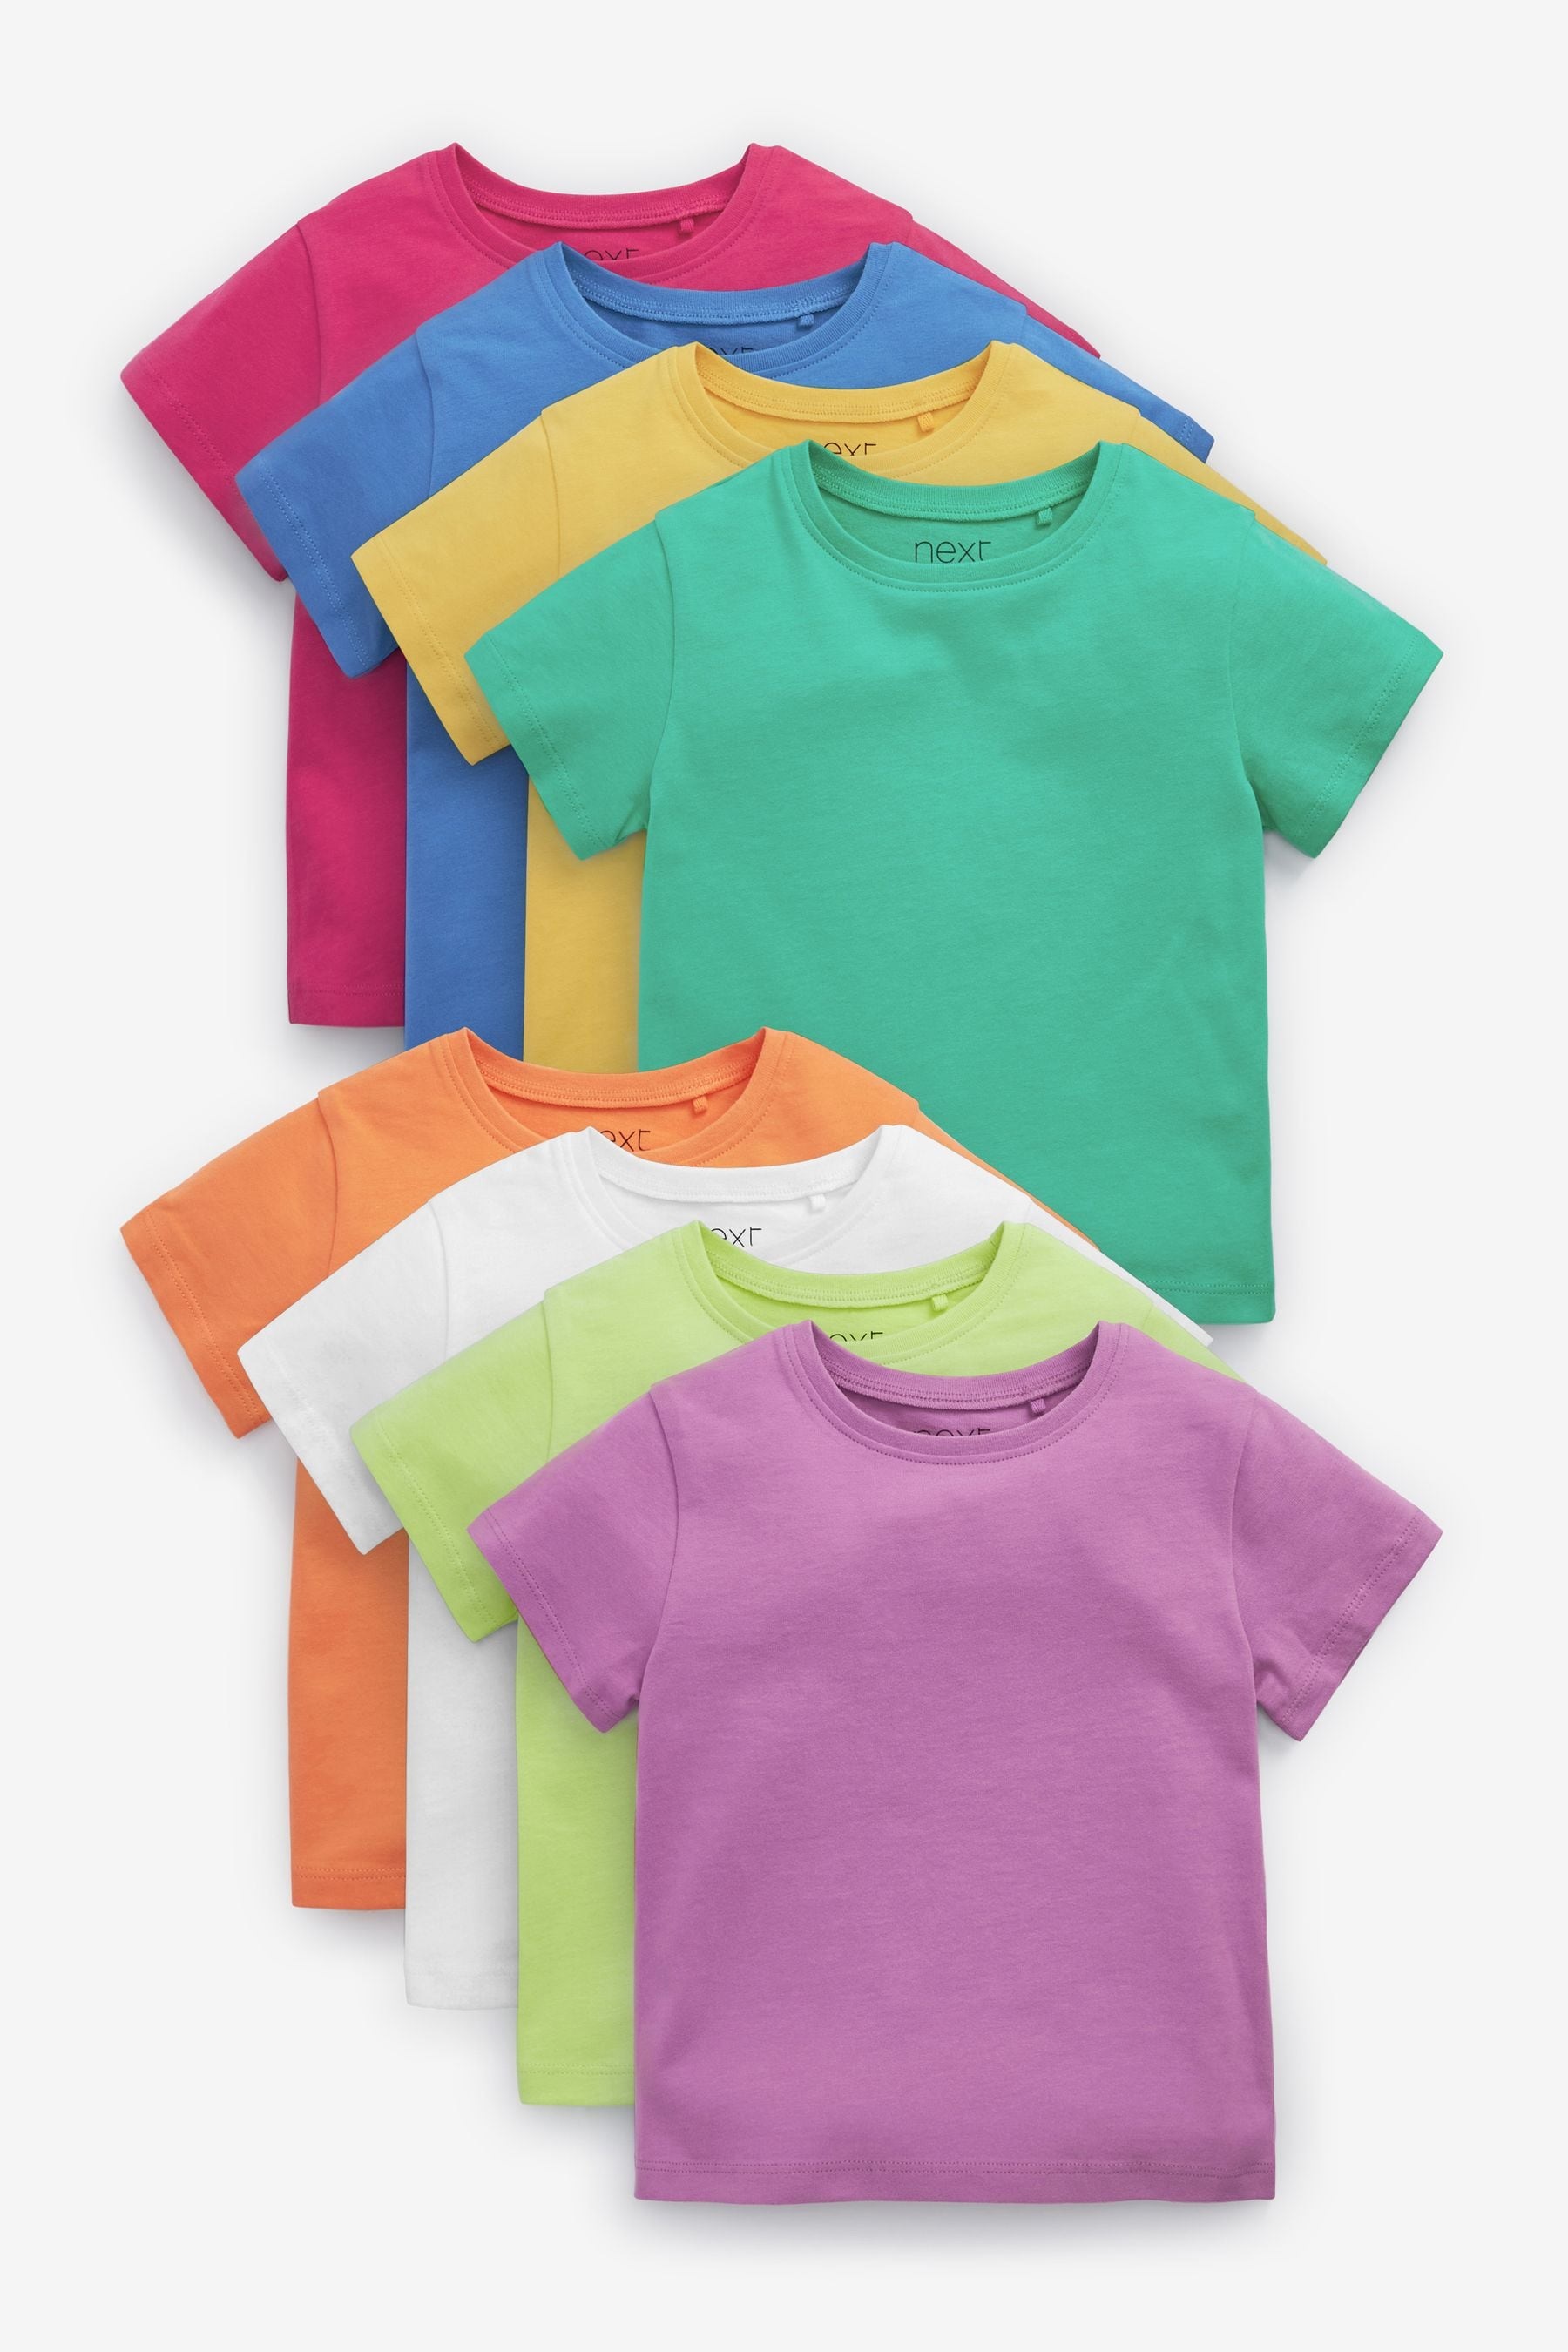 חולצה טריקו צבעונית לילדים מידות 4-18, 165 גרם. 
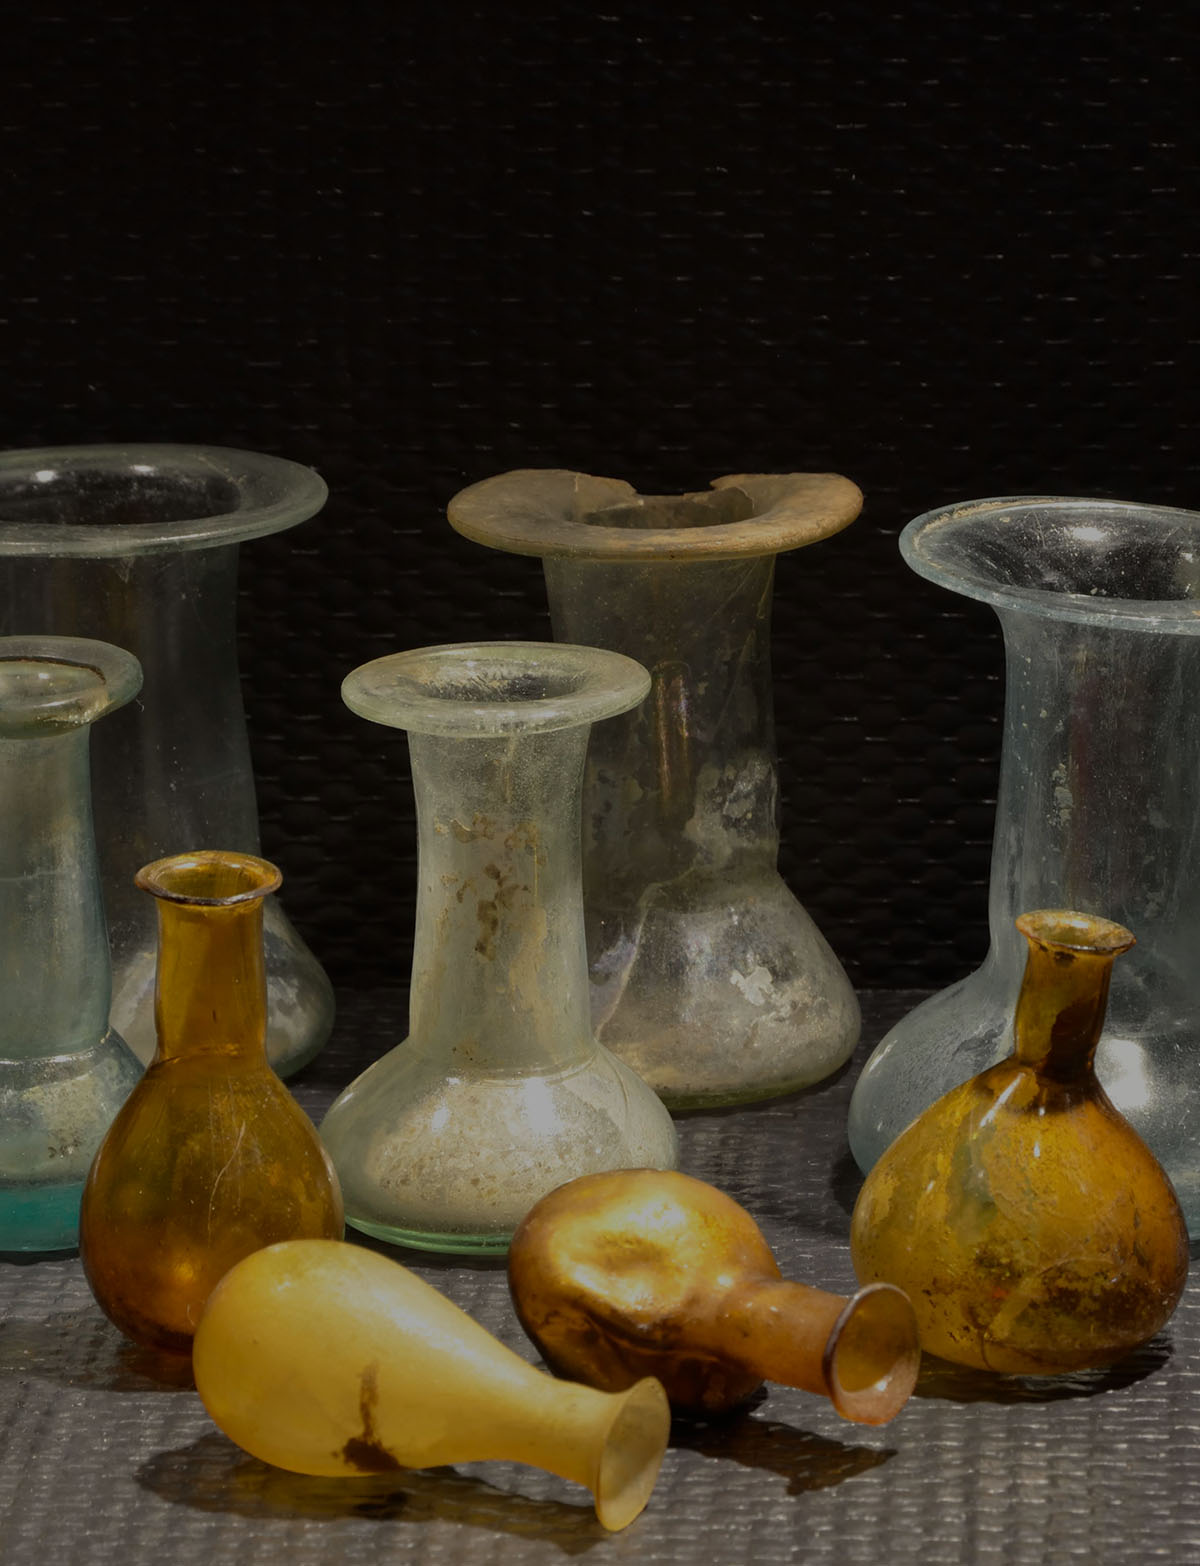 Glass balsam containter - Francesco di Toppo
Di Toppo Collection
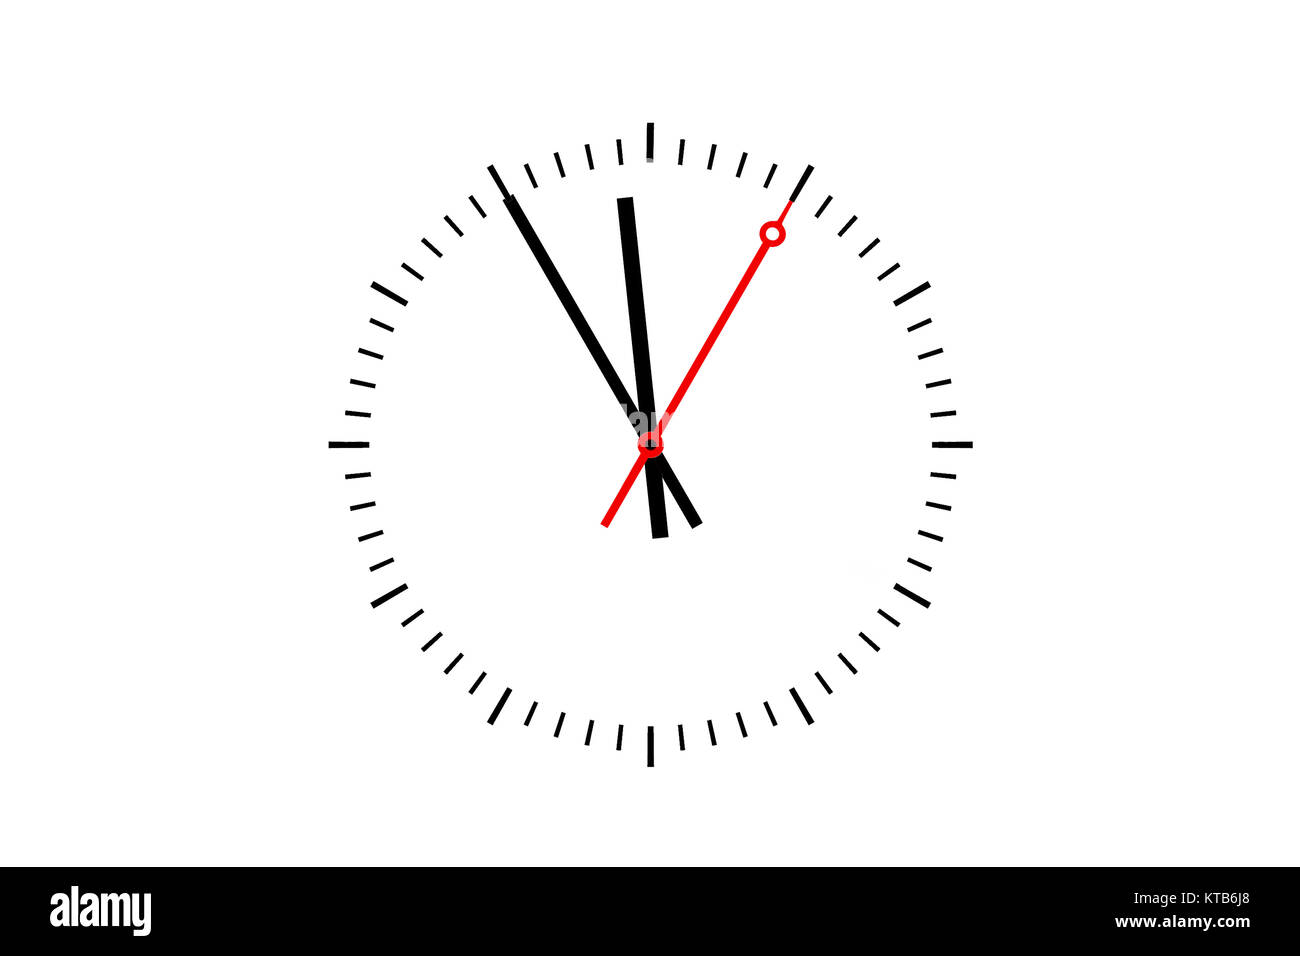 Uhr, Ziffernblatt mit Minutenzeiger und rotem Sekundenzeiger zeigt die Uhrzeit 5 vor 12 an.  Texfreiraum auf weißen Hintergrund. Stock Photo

--

It would help to have the listing above repeated exactly, with all images removed.

 חולצה טריקו צבעונית לילדים מידות 4-18, 165 גרם. 
 Glass balsam containter - Francesco di Toppo
Di Toppo Collection
 Uhr, Ziffernblatt mit Minutenzeiger und rotem Sekundenzeiger zeigt die Uhrzeit 5 vor 12 an.  Texfreiraum auf weißen Hintergrund. Stock Photo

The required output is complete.